Of note, for out-of-network physicians, if the attending physician certifies in writing that services necessary for such a secondary consultation are not sufficiently available from specialists operating under the plan, such plan or issuer shall ensure that coverage is provided at no additional cost to the individual beyond that which the individual would have paid if the specialist was participating in the network of the plan.
On April 29, 2016, H.R. 5138, the Over-the-Counter Contraceptives Act was introduced by Rep. Mia Love (R-UT) and referred to the House Energy and Commerce and Ways and Means Committees. The bill mandates that the Food and Drug Administration (FDA) prioritize review of supplemental drug applications (applications to modify the approved use of a drug) for contraceptive drugs intended for routine use that would be available to individuals aged 18 and older without a prescription. The FDA must waive user fees for such supplemental drug applications. Any drug that is eligible for this priority review must be a prescription drug for individuals under age 18.

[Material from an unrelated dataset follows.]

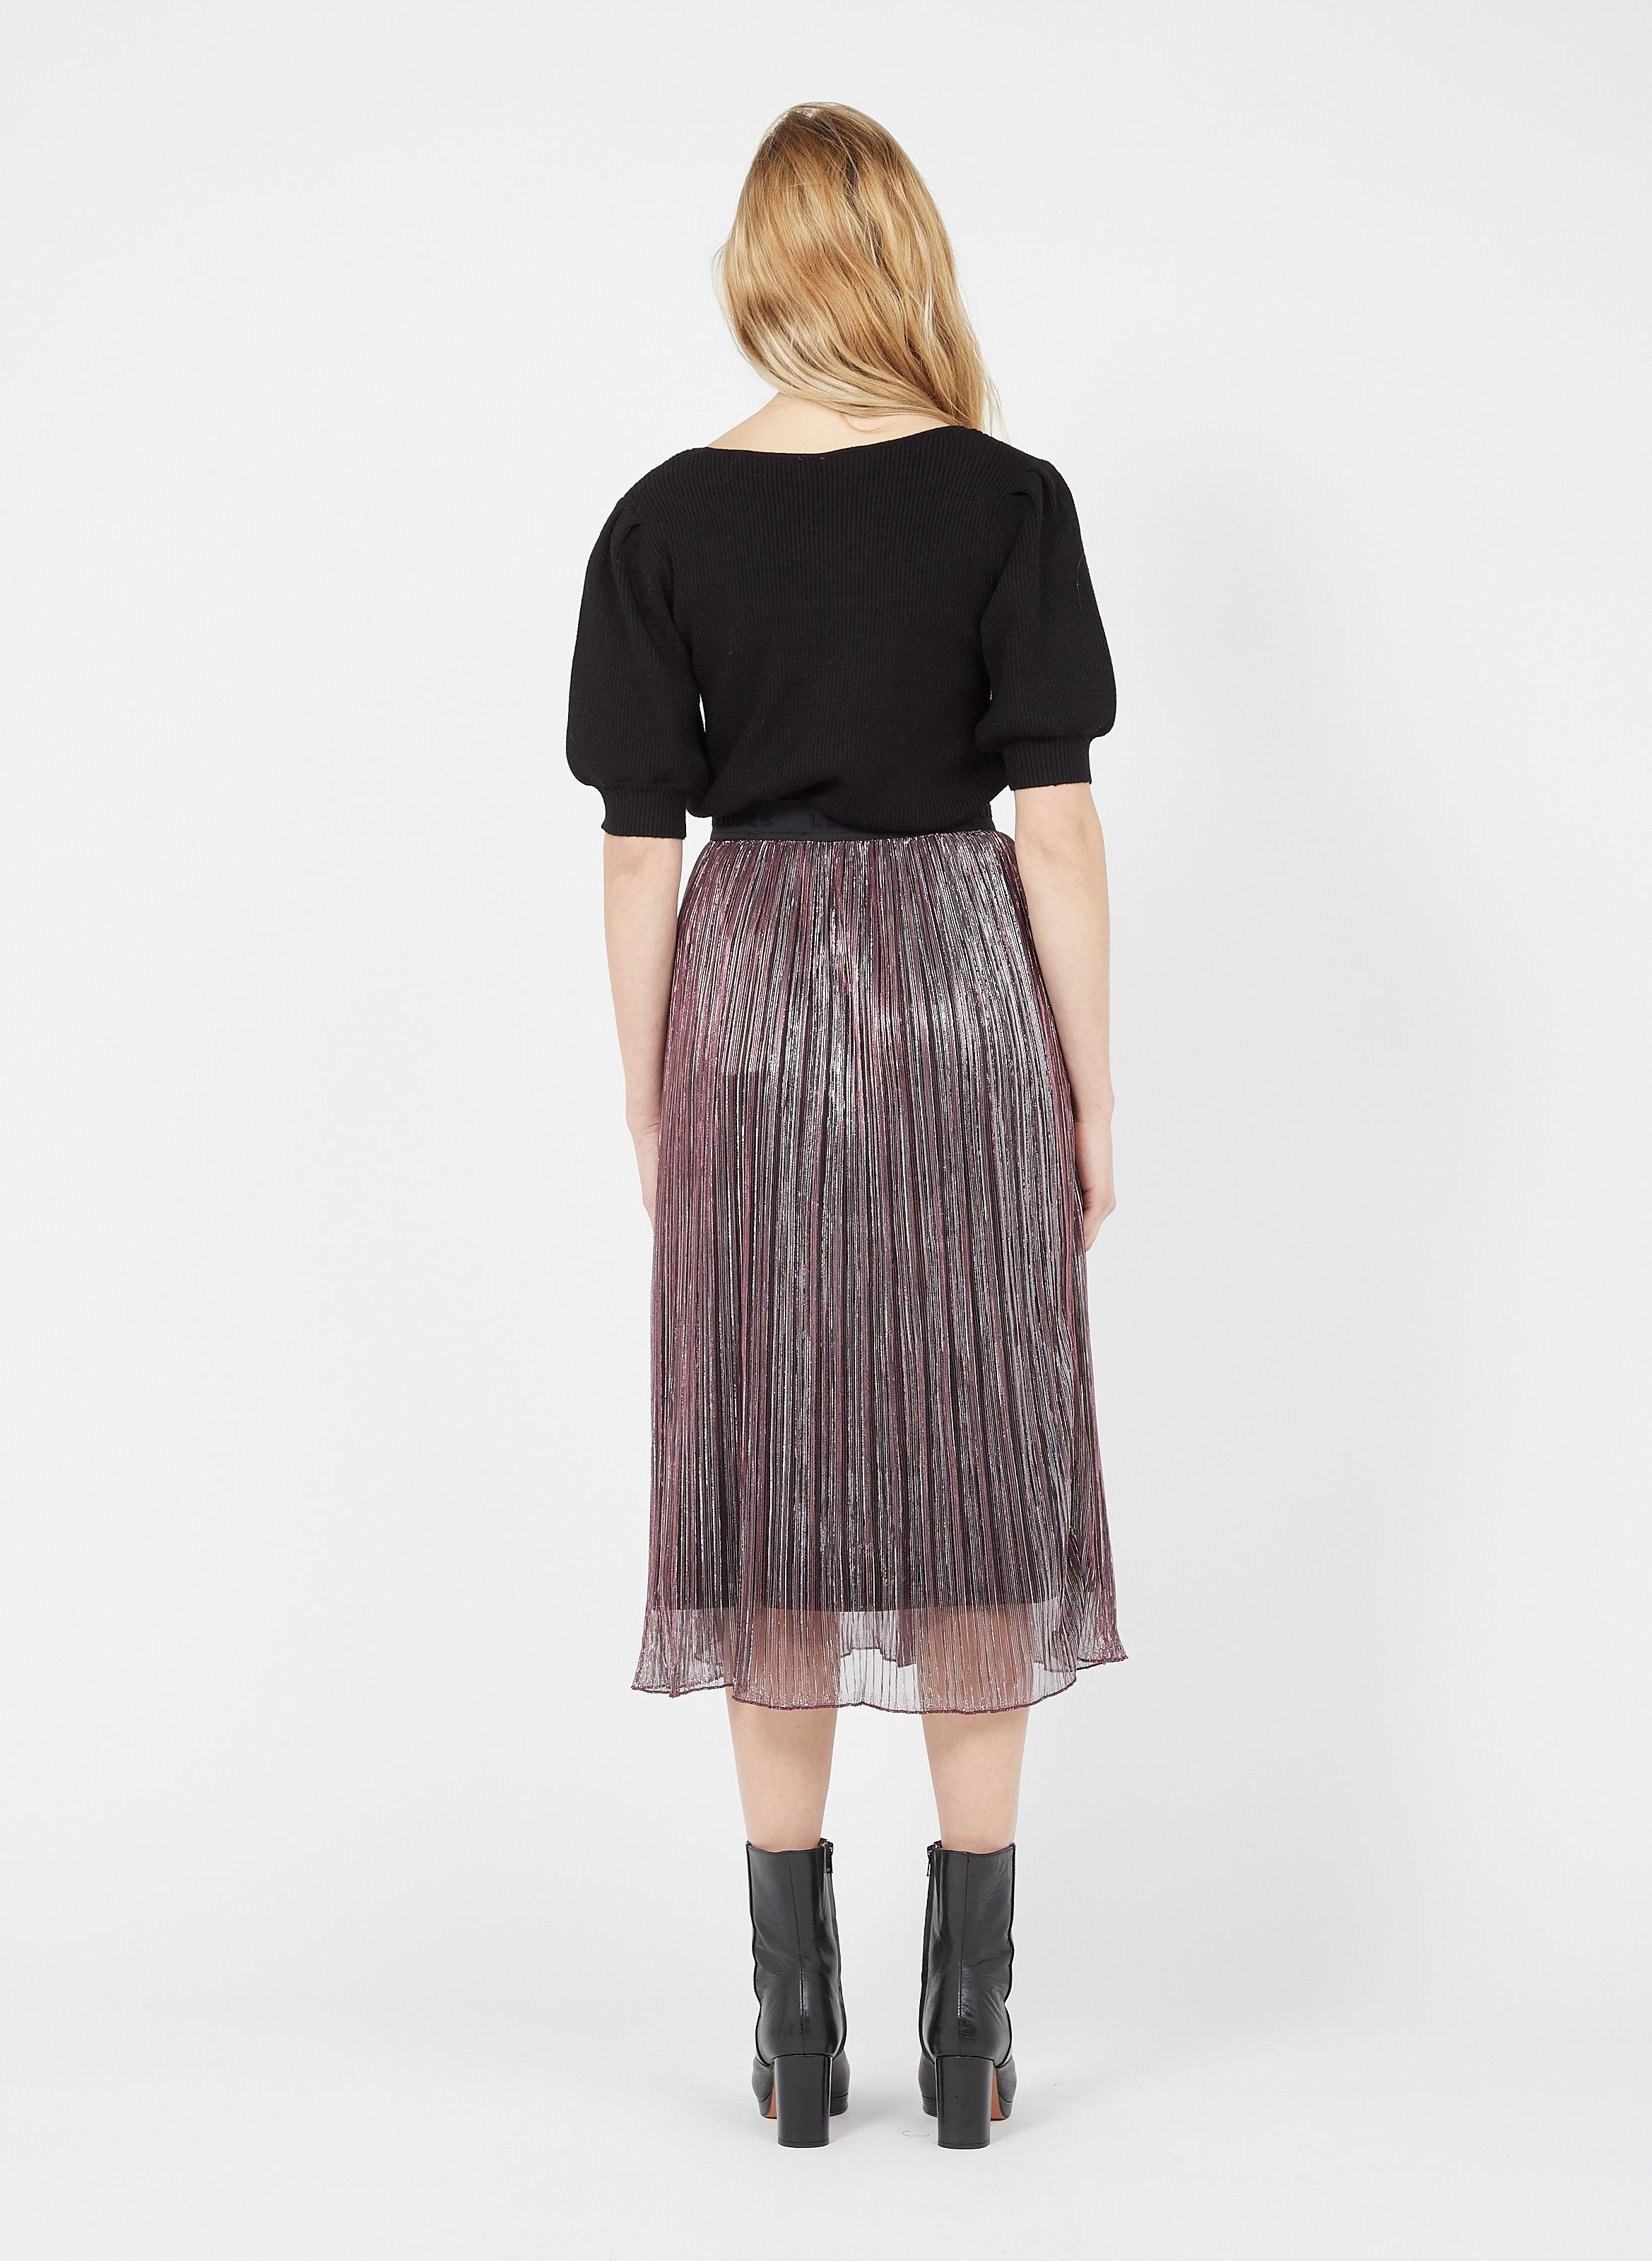 metallic midi skirt uk

This bill repeals provision of the Patient Protection and Affordable Care Act that prevents health savings accounts and health flexible spending accounts (HFSAs) to be used to pay for medicine without a prescription and removes the limit on salary reduction contributions to a HFSA under a cafeteria plan, effective as if the provisions had never been enacted.

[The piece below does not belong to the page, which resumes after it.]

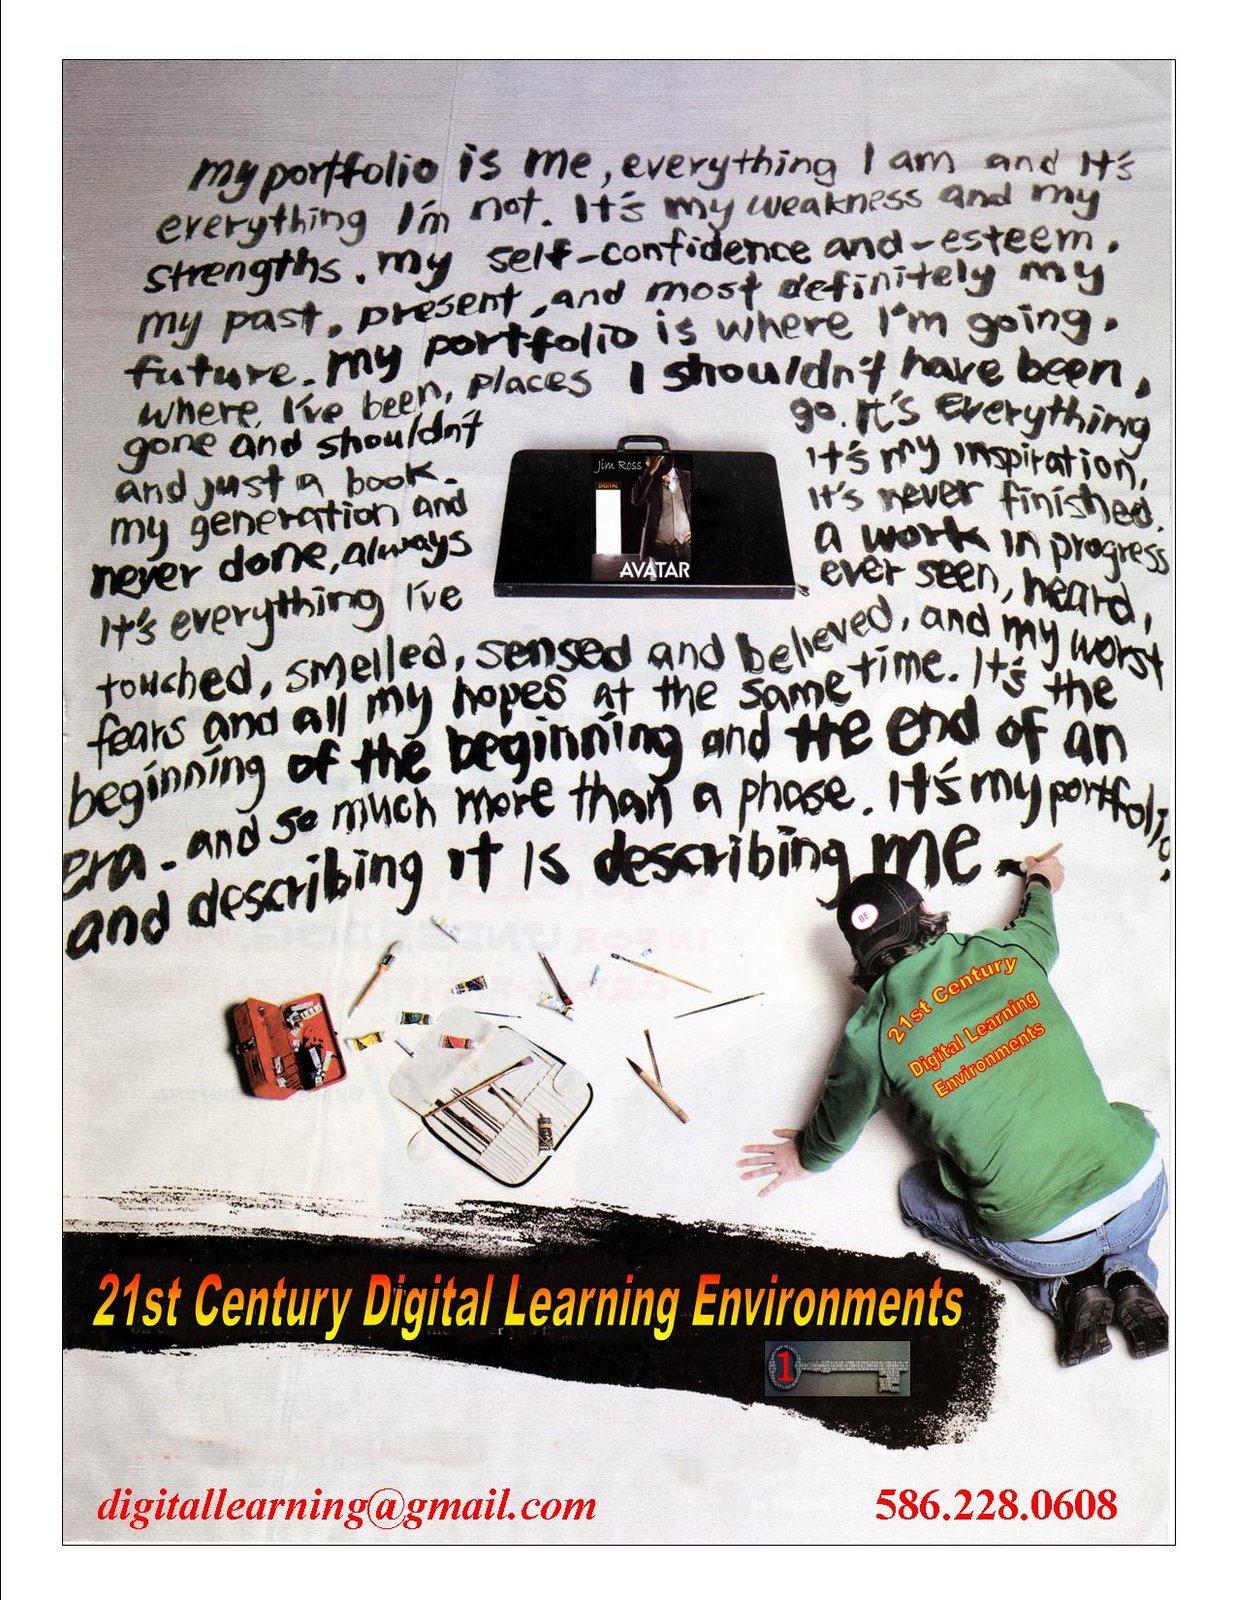 [Jim+Ross+Portfolio+21st+Century+Digital+Learning+Environments+9-11-2007.jpg]

Due Process for Physicians
This bill is a good example of framing an issue in terms of patient care rather than focusing solely on unfairness to physicians.
On March 17, 2016, S. 2701, the Medicaid Program Integrity Enhancement Act was introduced by Sen. Martin Heinrich (D-NM) and referred to the Senate Finance Committee. H.R. 4802, introduced by Rep. Ben Lujan (D-NM) is the companion House bill. The bill requires consideration of the impact on beneficiary access to care when determining the credibility of an allegation of fraud. An allegation would be considered credible if (1) the allegation has indicia of reliability; (2) the State Medicaid agency has reviewed all allegations, facts, and evidence carefully and acts judiciously on a case-by-case basis; and (3) the State Medicaid agency has taken into consideration the potential impact a payment suspension may have on beneficiary access to care.

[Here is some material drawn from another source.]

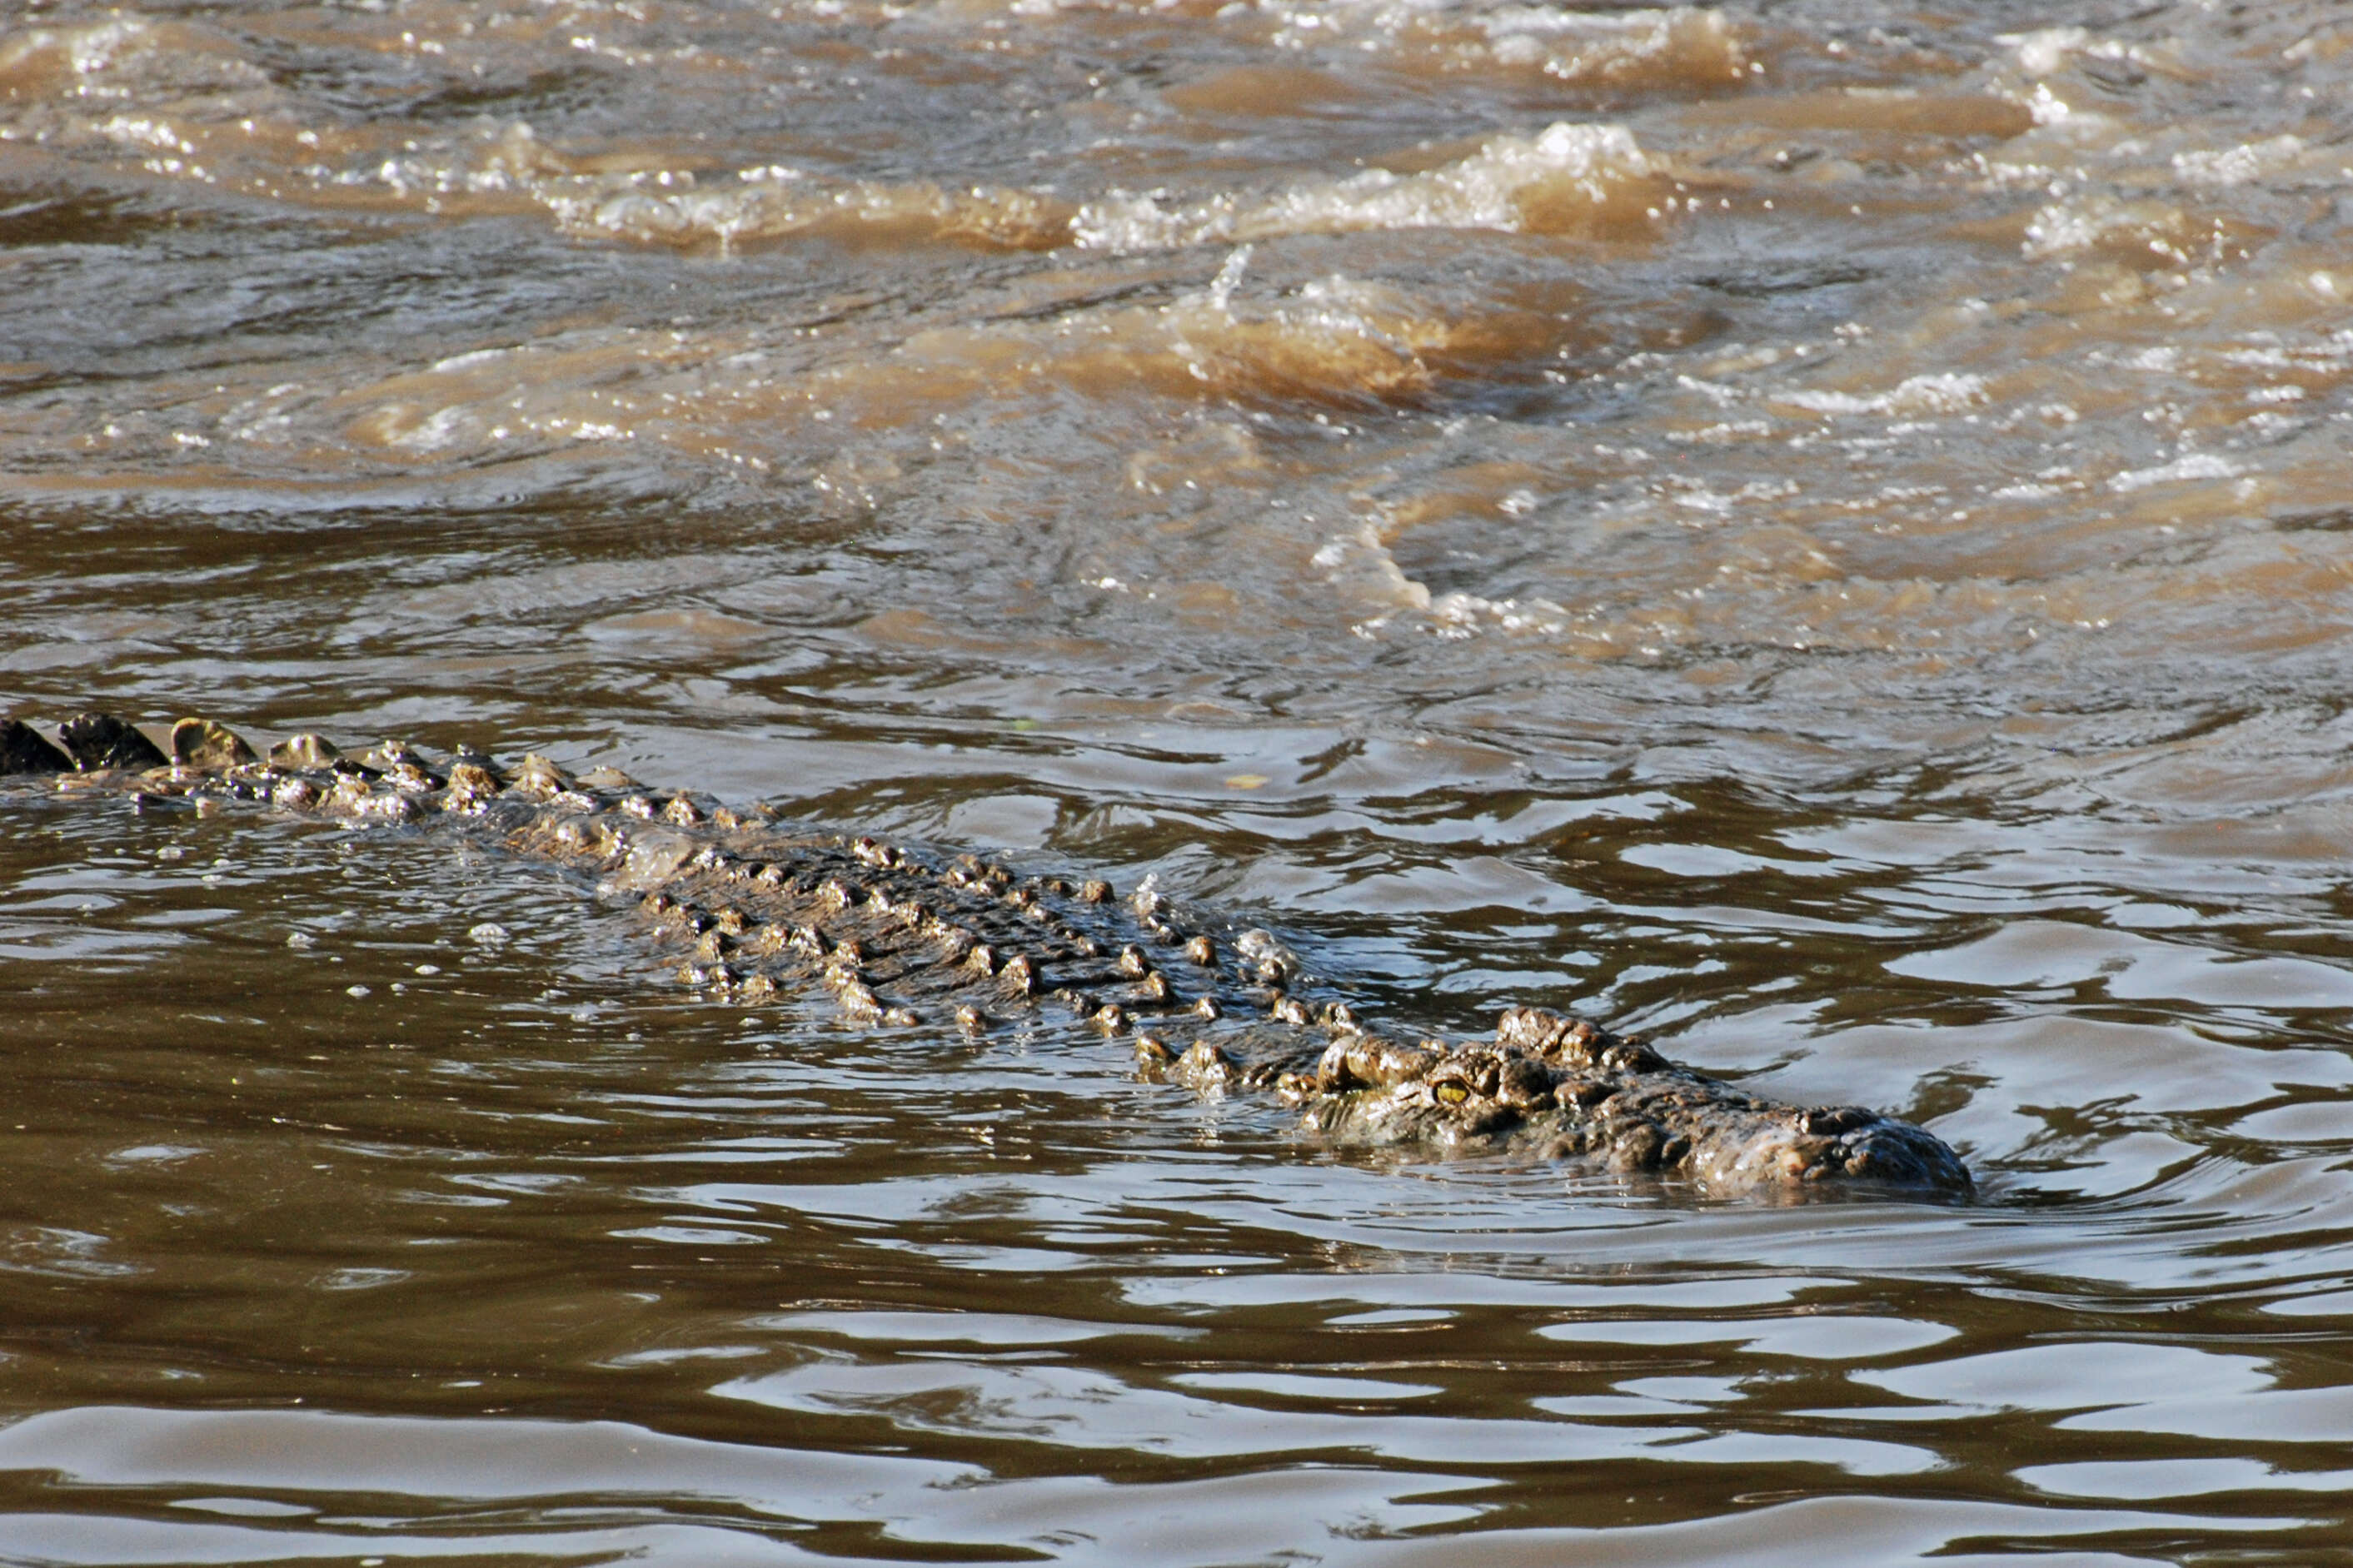 Image of Nile crocodile

The bill also requires the enhancement of due process protections in procedures for suspending payments to Medicaid providers. The Medicaid agency cannot suspend payments (1) unless it consults with the Medicaid fraud control unit and receives a written verification from the Medicaid fraud control unit or attorney general, confirming such consultation; (2) the Medicaid agency (a) certifies that it has considered whether beneficiary access to items or services would be jeopardized by a payment suspension; (b) a good cause not to suspend payments exists; (c) the Medicaid agency furnishes the provider with the agency’s reasons for finding that there is no good cause to refrain from suspending payments in whole or part. After the suspension, the Medicaid agency must re-evaluate every quarter whether the suspension should continue.